Но далее Горький делает признание, которое, может быть, объясняет, почему он не мог создать более обширного романа, с полным развитием характеров. «Я открыл в себе, — говорит он — немало добрых чувств и желаний, немало того, что обыкновенно называют хорошим, но чувства, объединяющего все это, стройной и ясной мысли, охватывающей все явления жизни, я не нашел в себе» (III, 247). Читая это признание, тотчас вспоминаешь о Тургеневе, который видел в подобной «свободе», в подобном объединенном понимании мира и жизни первое условие для того, чтобы сделаться крупным художником.
«Можешь ли ты, — продолжает спрашивать Читатель,— создать для людей хотя бы маленький, возвышающий душу обман? Нет!.. Все вы, учителя наших дней, гораздо больше отнимаете у людей, чем даете им, ибо вы все только о недостатках говорите, только их видите. Но в человеке должны быть и достоинства; ведь в вас они есть? А вы, чем вы отличаетесь от дюжинных, серых людей, которых изображаете так жестоко и придирчиво, считая себя проповедниками, обличителями пороков, ради торжества добродетели? Но замечаете ли вы, что добродетели и пороки вашими усилиями определить их только спутаны, как два клубка ниток, черных и белых, которые от близости стали серыми, восприняв друг от друга часть первоначальной окраски? И едва ли Бог послал вас на землю... Он выбрал бы более сильных, чем вы. Он зажег бы сердца их огнем страстной любви к жизни, к истине, к людям...» (стр. 249).
«Все будни, будни, будничные люди, будничные мысли, события, — продолжает безжалостный Читатель,— когда же будут говорить о духе смятенном и о необходимости возрождения духа? Где же призыв к творчеству жизни, где уроки мужества, где добрые слова, окрыляющие душу?» (250).
«Ибо, сознайся! — ты не умеешь изображать так, чтоб твоя картина жизни вызывала в человеке мстительный стыд и жгучее желание создать иные формы бытия... Можешь ли ты ускорить биение пульса жизни, можешь ли ты вдохнуть в нее энергию, как это делали другие?» (251).
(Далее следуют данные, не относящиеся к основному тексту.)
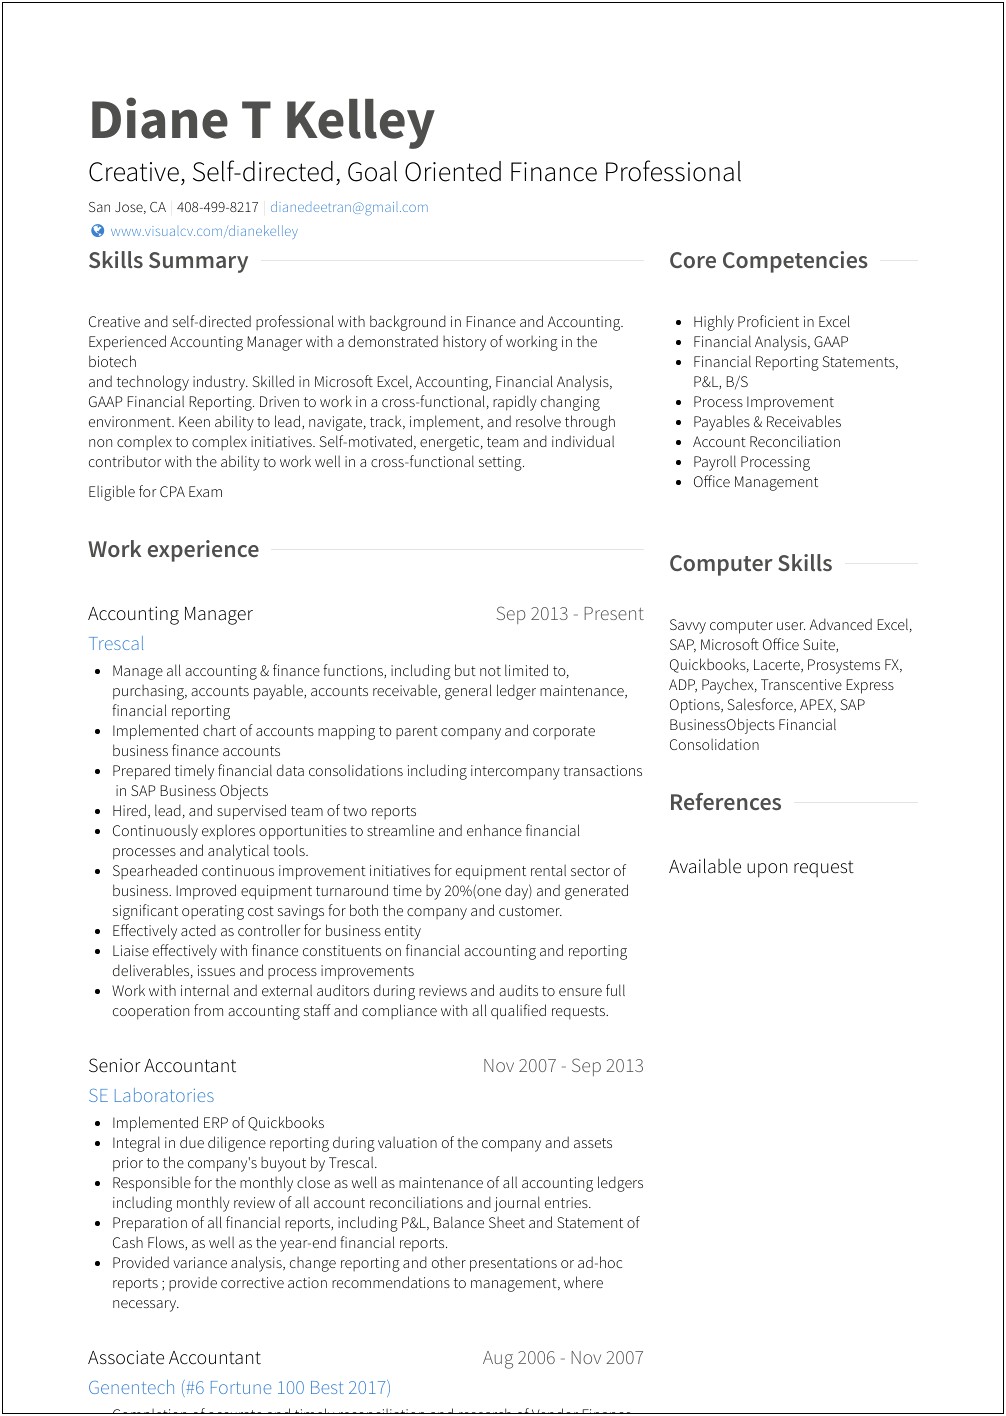 Skills Section Of Resume Accountant

«Я вижу вокруг себя много умных людей, но мало среди них людей благородных, да и те, которые есть, разбиты и больны душой. И почему-то всегда так наблюдаю я: чем лучше человек, чем чище и честнее душа его, тем меньше в нем энергии, тем болезненнее он, и тяжело ему жить... Но как ни много в них тоски о лучшем, в них нет сил для создания его» (251).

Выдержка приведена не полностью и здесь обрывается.